■ **Your assignment**
Copy out the data exactly as it appears, without a single image.

■ **Dataset excerpt**

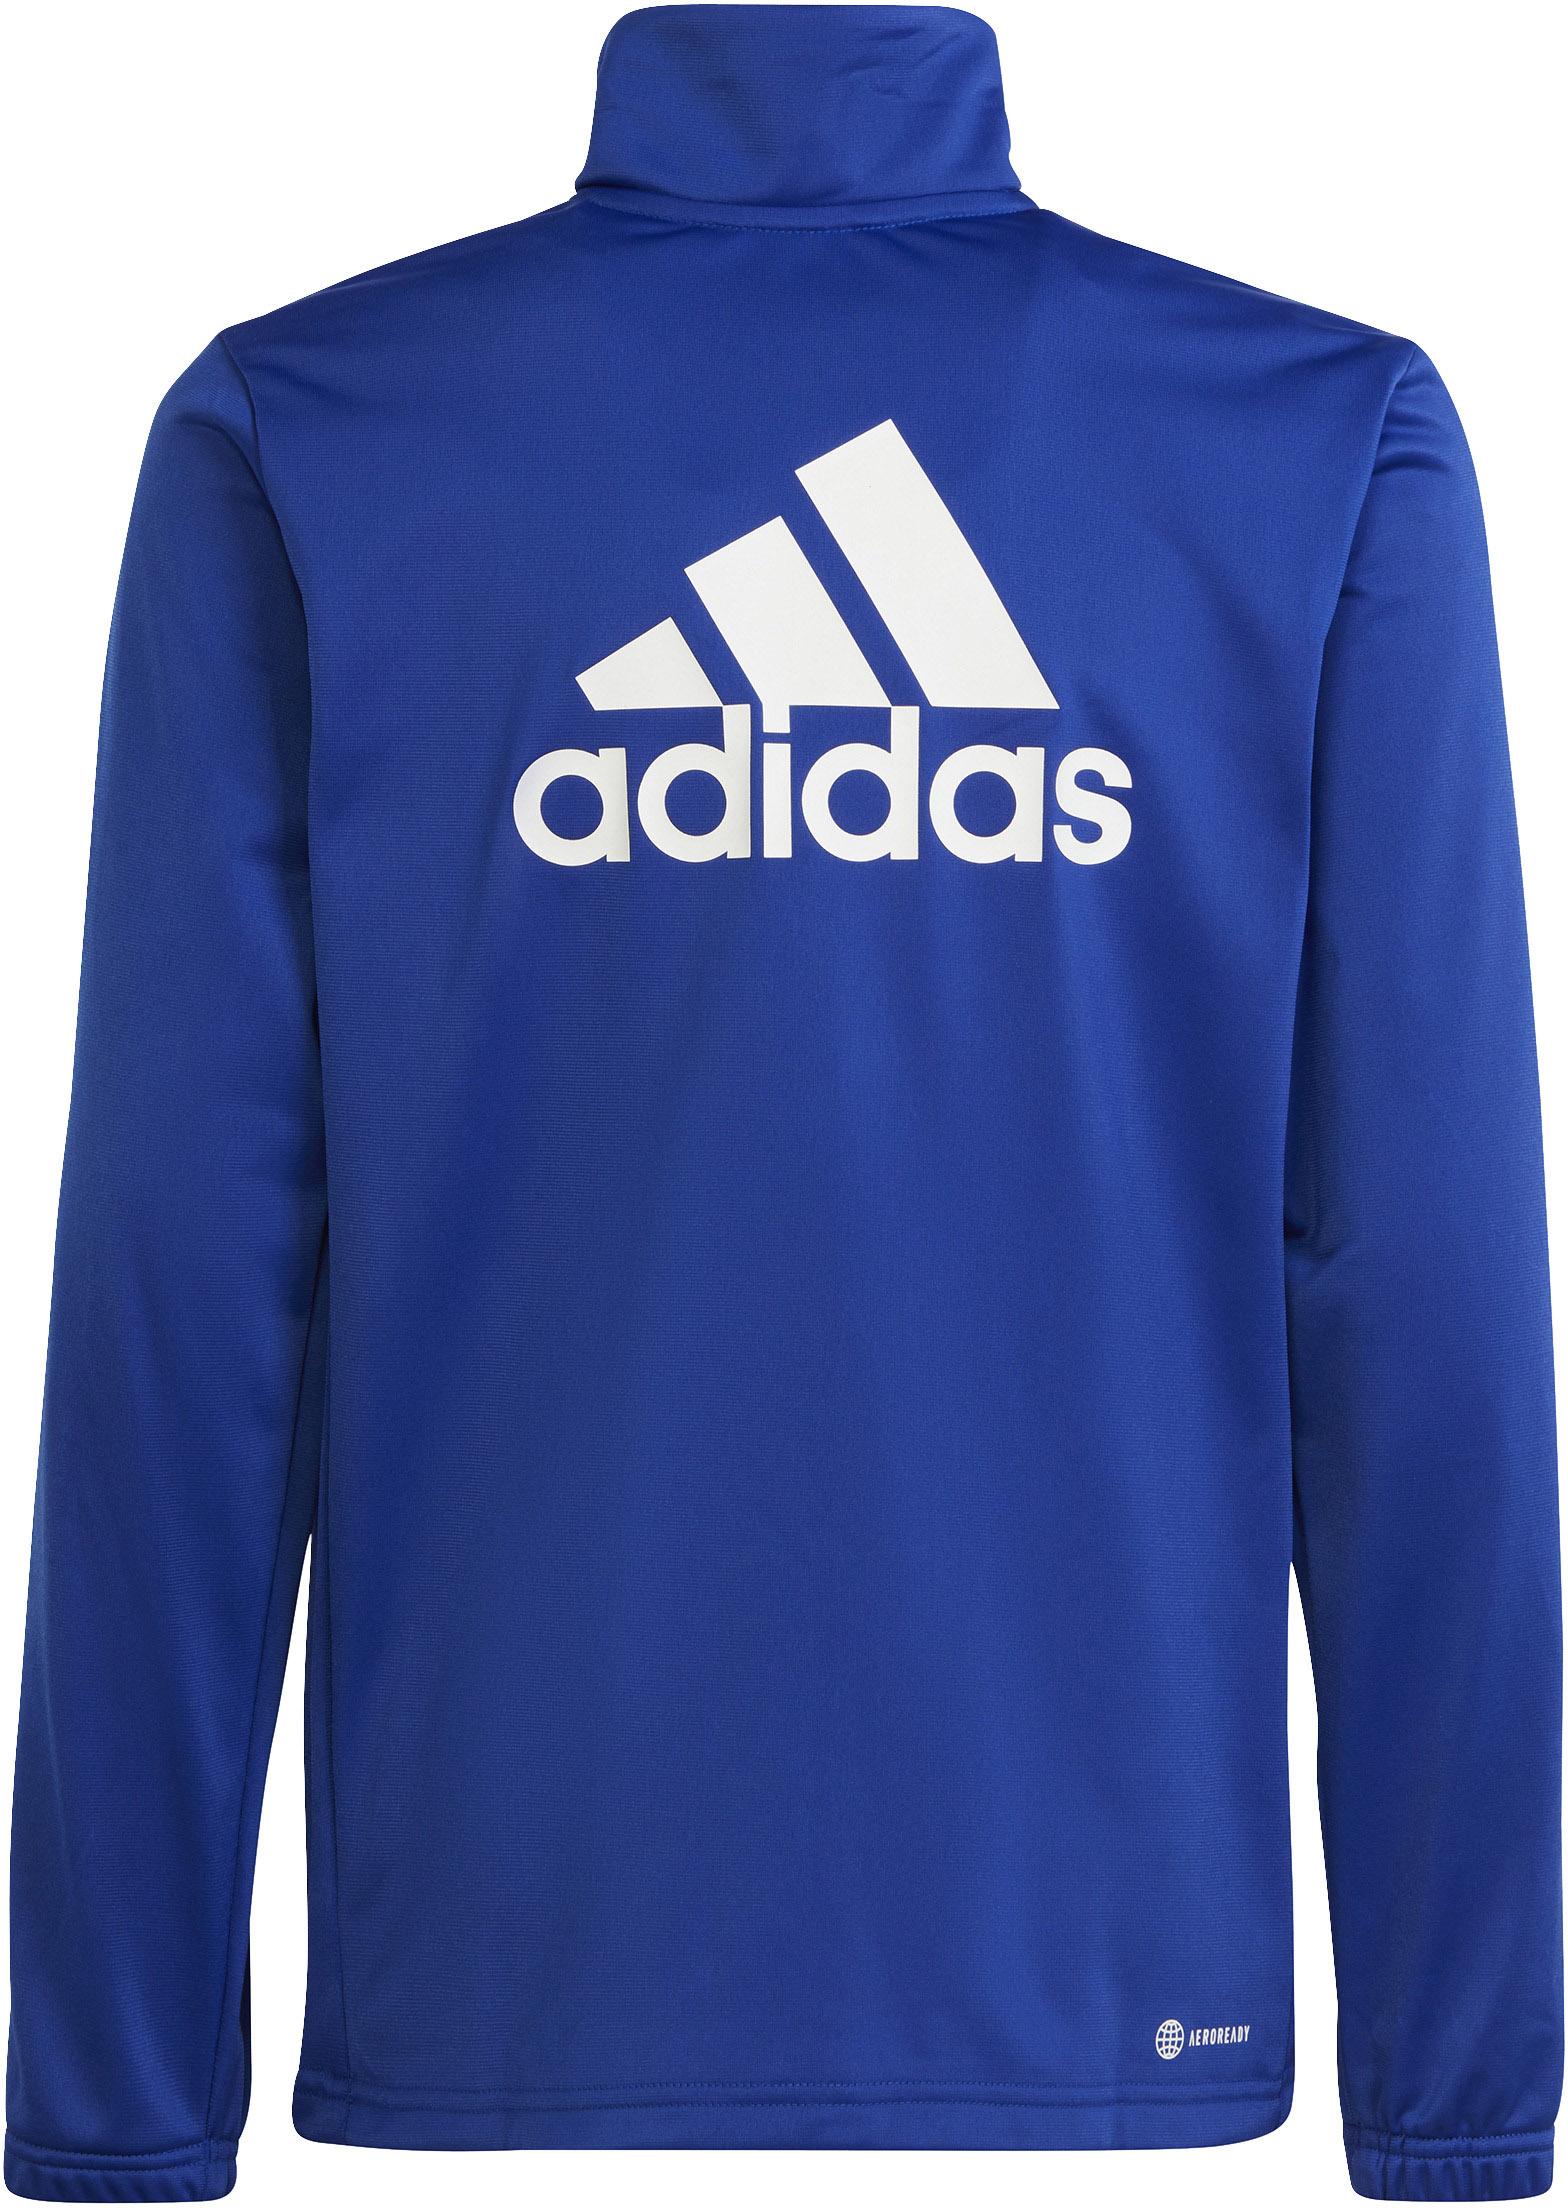 Shop Jungen Trainingsanzug Online im lucid SportScheck kaufen blue-white-legend semi Adidas ink von
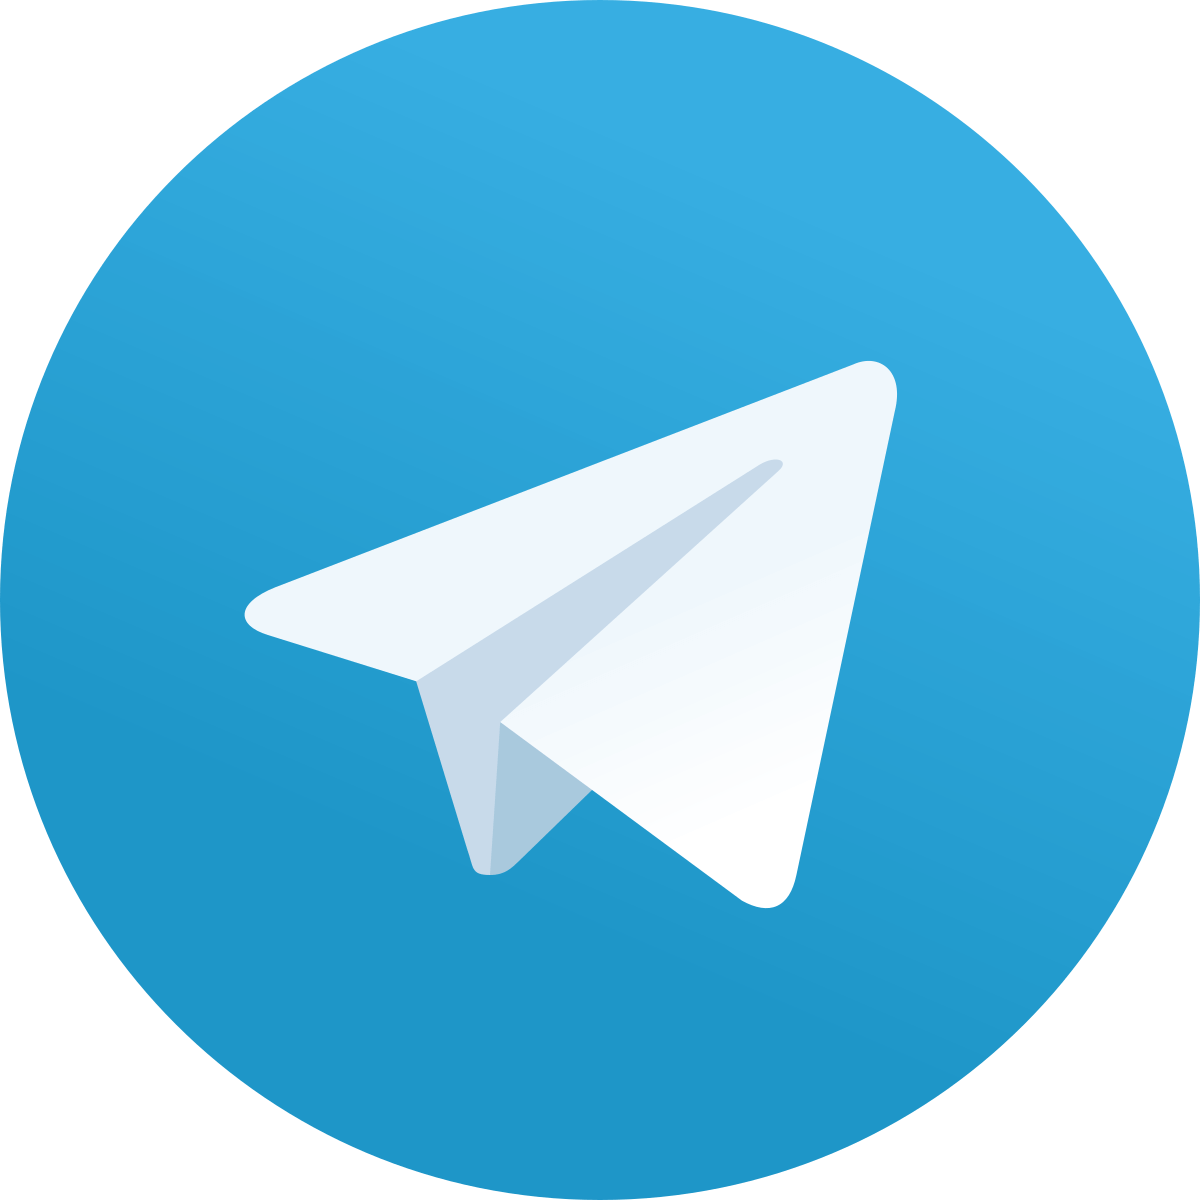 Телеграм Десктоп / Telegram Desktop На русском для компьютера на Windows ПК
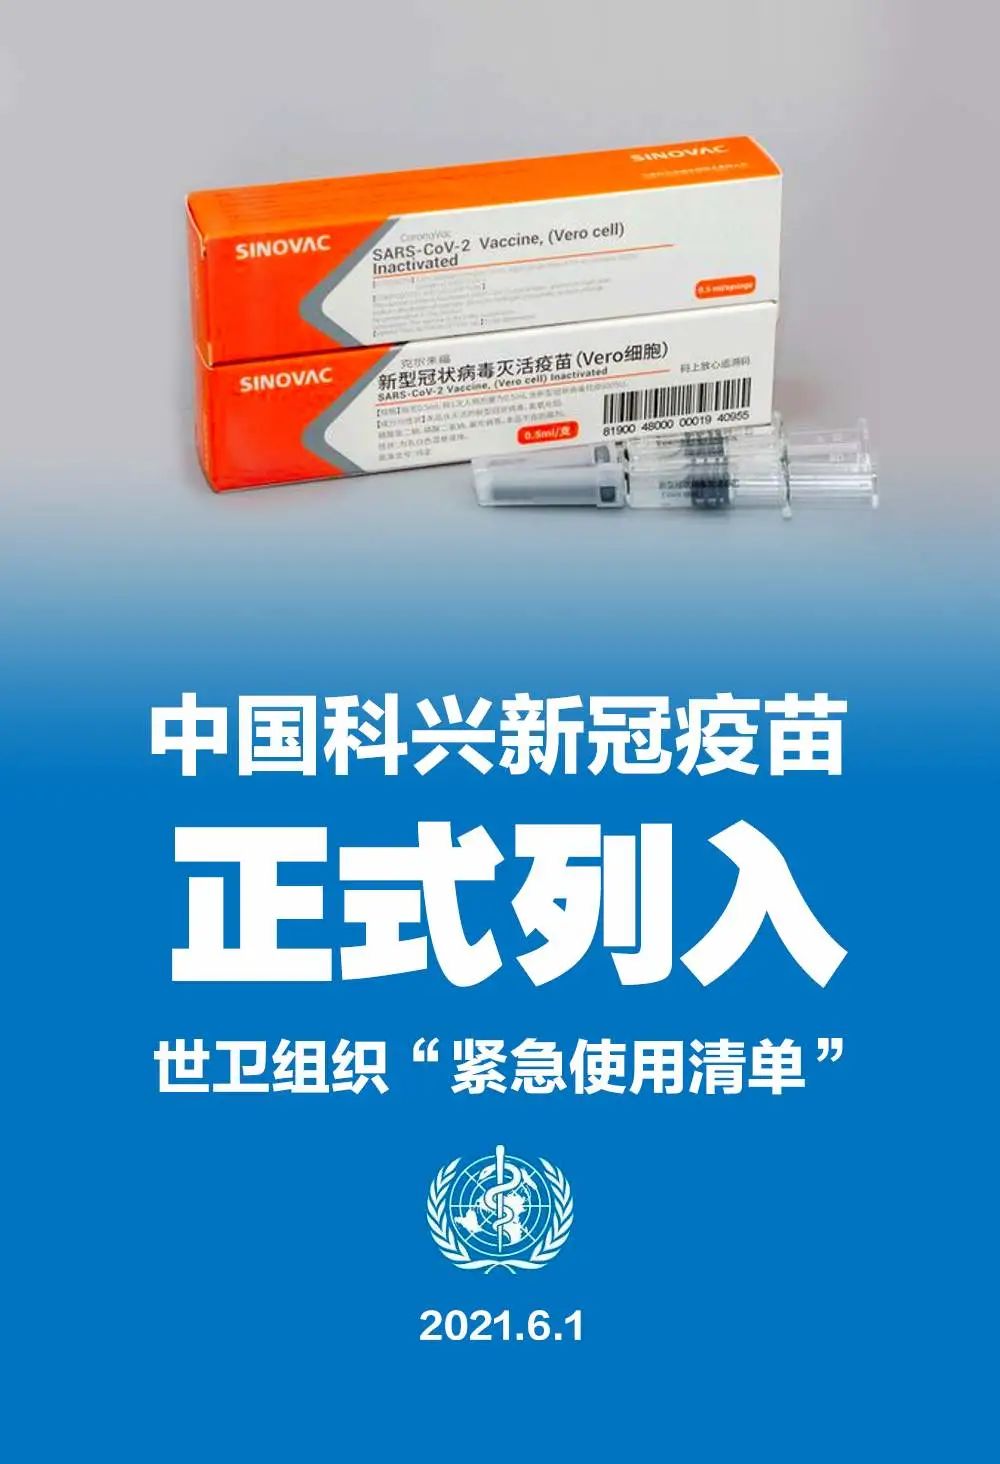 世衛組織將中國科興疫苗列入“緊急使用清單”

■ **Exercise result**
 Shop Jungen Trainingsanzug Online im lucid SportScheck kaufen blue-white-legend semi Adidas ink von
 Телеграм Десктоп / Telegram Desktop На русском для компьютера на Windows ПК
 世衛組織將中國科興疫苗列入“緊急使用清單”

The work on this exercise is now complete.